I was wondering what is that guidance based on, is that based on the previous and the recent approach, maybe a new development on R&D thinking? Finally can you tell us if the guidance includes the [47:52] programs, the oncology programs CMET and the IDO compounds?
David C. Hastings
The reduced spending in R&D is directly related to prioritization of the pipeline so 90% of our development cost will be in the JAK programs so that is our focus on our highest value. That guidance does not include any investments in IDO or CMET.
Analyst for Lucy Lu with Citigroup
So you guys do not plan on taking in new trials or new programs for 2009?
David C. Hastings
That is correct. I would say in an ideal situation, if we were not trying to really conserve our money in this horrible market to make sure we get to launch in the best financial shape for us and our shareholders, we would move very aggressively with both of those programs.
Especially with the cMET program because the concept with the oxalises compound and with [Inaudible] compound and this is clearly a better compound both from a safety stand point, from the ability to get to met in the central nervous system and with respect to being able to atrophy without exceeding toxic levels at peak to be able at the IC90 concentration. It is really a very interesting compound and we are hoping that we can bring in cash in some kind of deal this year that will allow us to then aggressively move on that alternatively if someone was sufficiently interested in the program.
There may be some way of forming an early collaboration that would allow that program to move more quickly.

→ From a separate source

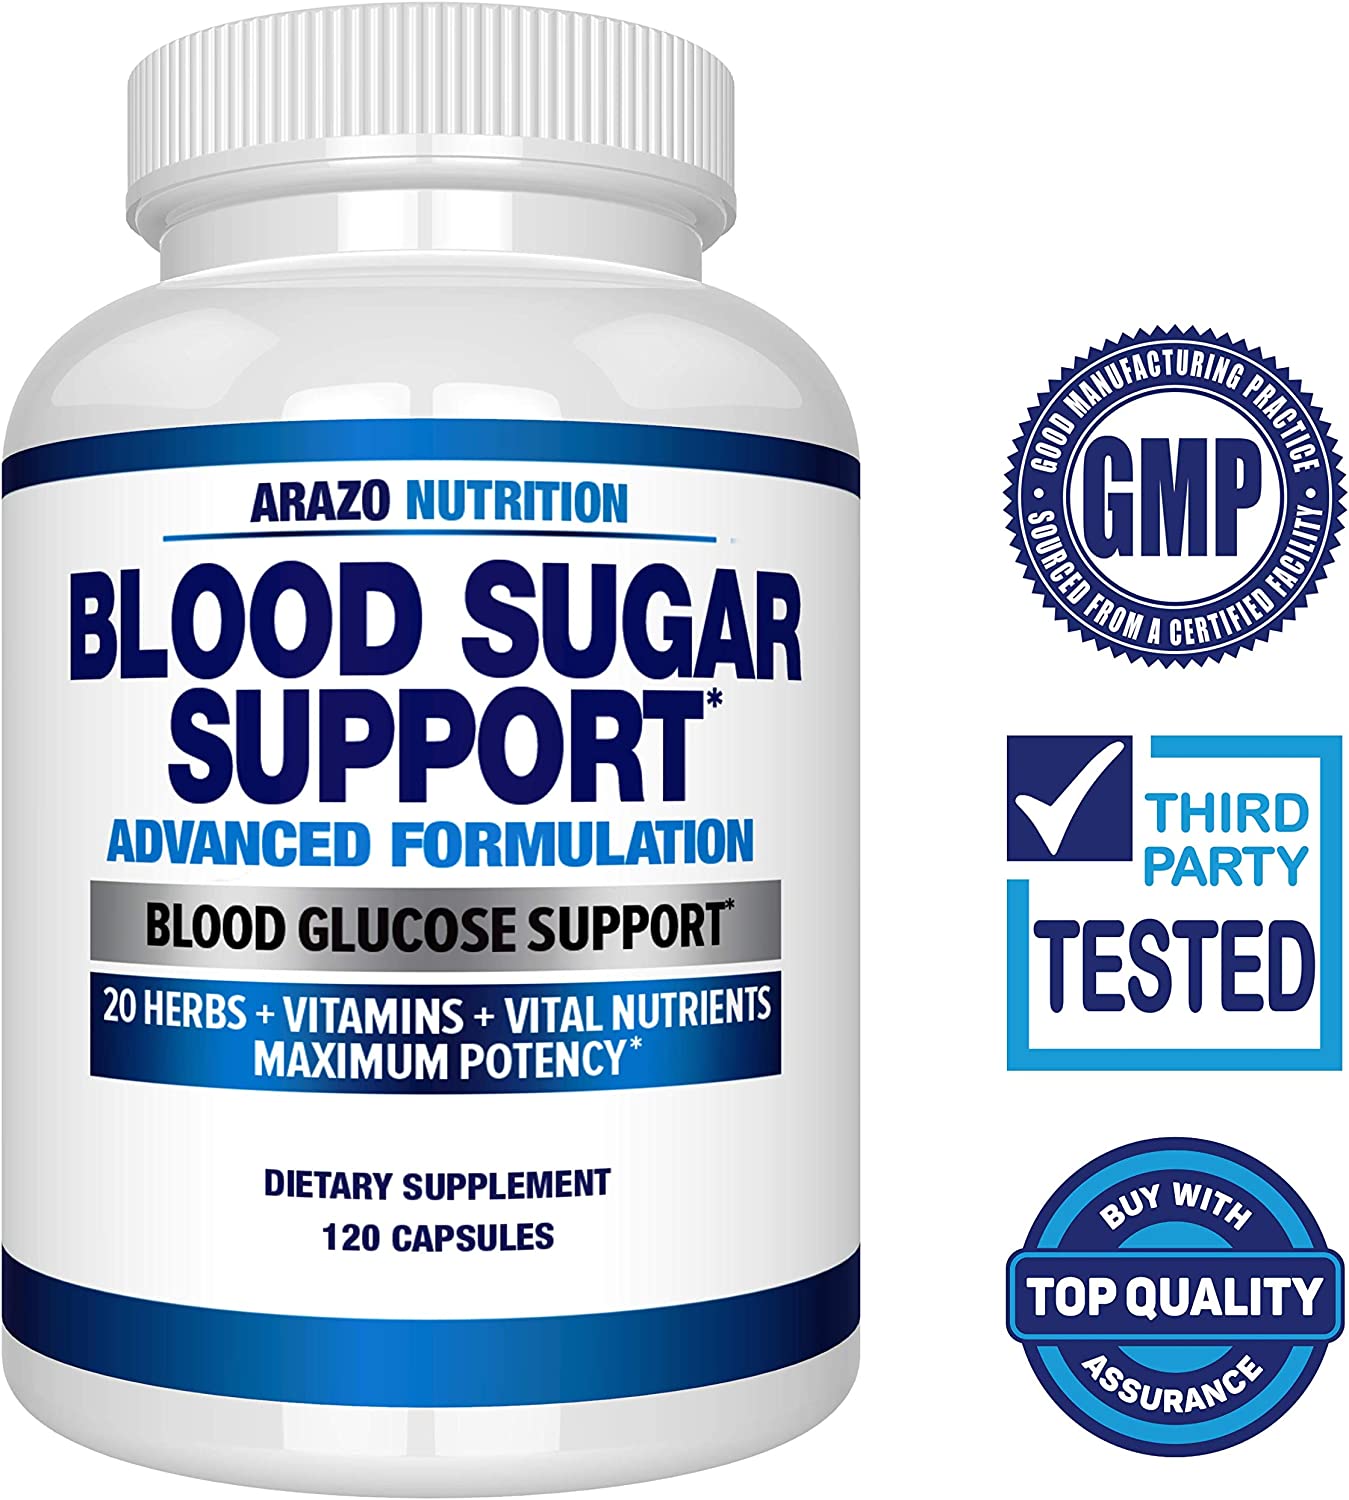 Blood Sugar Support Supplement

Analyst for Lucy Lu with Citigroup
Paul A. Friedman
Chances of development are in the heart of the spending so we also have the discovery proportion as well.
Analyst for Lucy Lu with Citigroup
Is it pre committed, is there any more room for the cut if it needs be or is that basically committed for 2009 already?
Paul A. Friedman
Well there is always variability on the R&D line and I am depending on the status of enrollment and cash flow and billing from CROs but we do not want to be so rigid that we do not have built in flexibility either on our cash guidance or in our plans that as circumstances change we can do that but we try to plan specifically for the JAK inhibitor program to be pretty much on track and committed unless something changes.
Operator
This does conclude the Q&A I would like to turn the floor back over to management for any closing comments.
Paul A. Friedman
Thanks for spending some time with us this morning. We are excited and optimistic about the myelofibrosis opportunity.

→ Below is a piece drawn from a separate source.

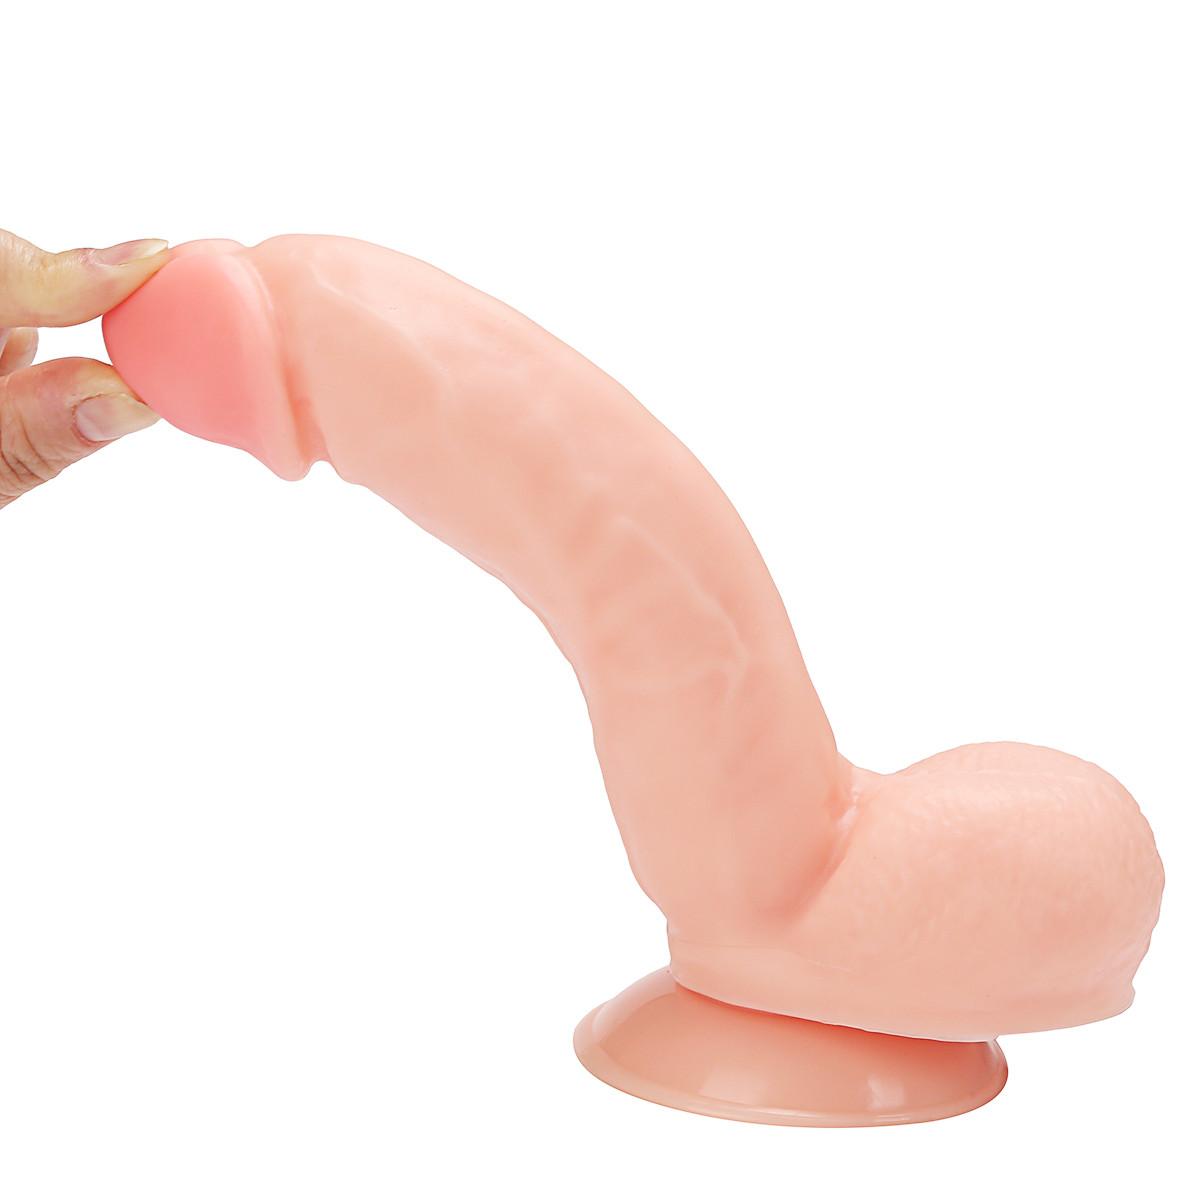 Large manual artificial penis simulation penis, female masturbation artifact wl269

I think those of you who followed and saw the presentations of competitor compounds at ASH now realize that this compound is by far the best compound. It is not only ahead but it maybe the only one that is really viable.
We just have a few pieces to cross and I stood pat with the agency before we embark on what I think what will be an exciting Phase III study that will lead to a successful product both financially but also something that will dramatically change the lives of the myelofibrosis patients who truly have nothing else at this stage. We are looking forward to that as well.
As soon as we crossed the tees and bat the eyes we will back to you with the relevant details of the registration study and I am cautiously optimistic that we will be doing that within the next couple of months with you. Thanks for tuning in and we will keep you informed of our progress as we go forward.
Operator
Ladies and gentlemen this does conclude today’s teleconference. You may disconnect your lines at this time.
We thank you for your participation.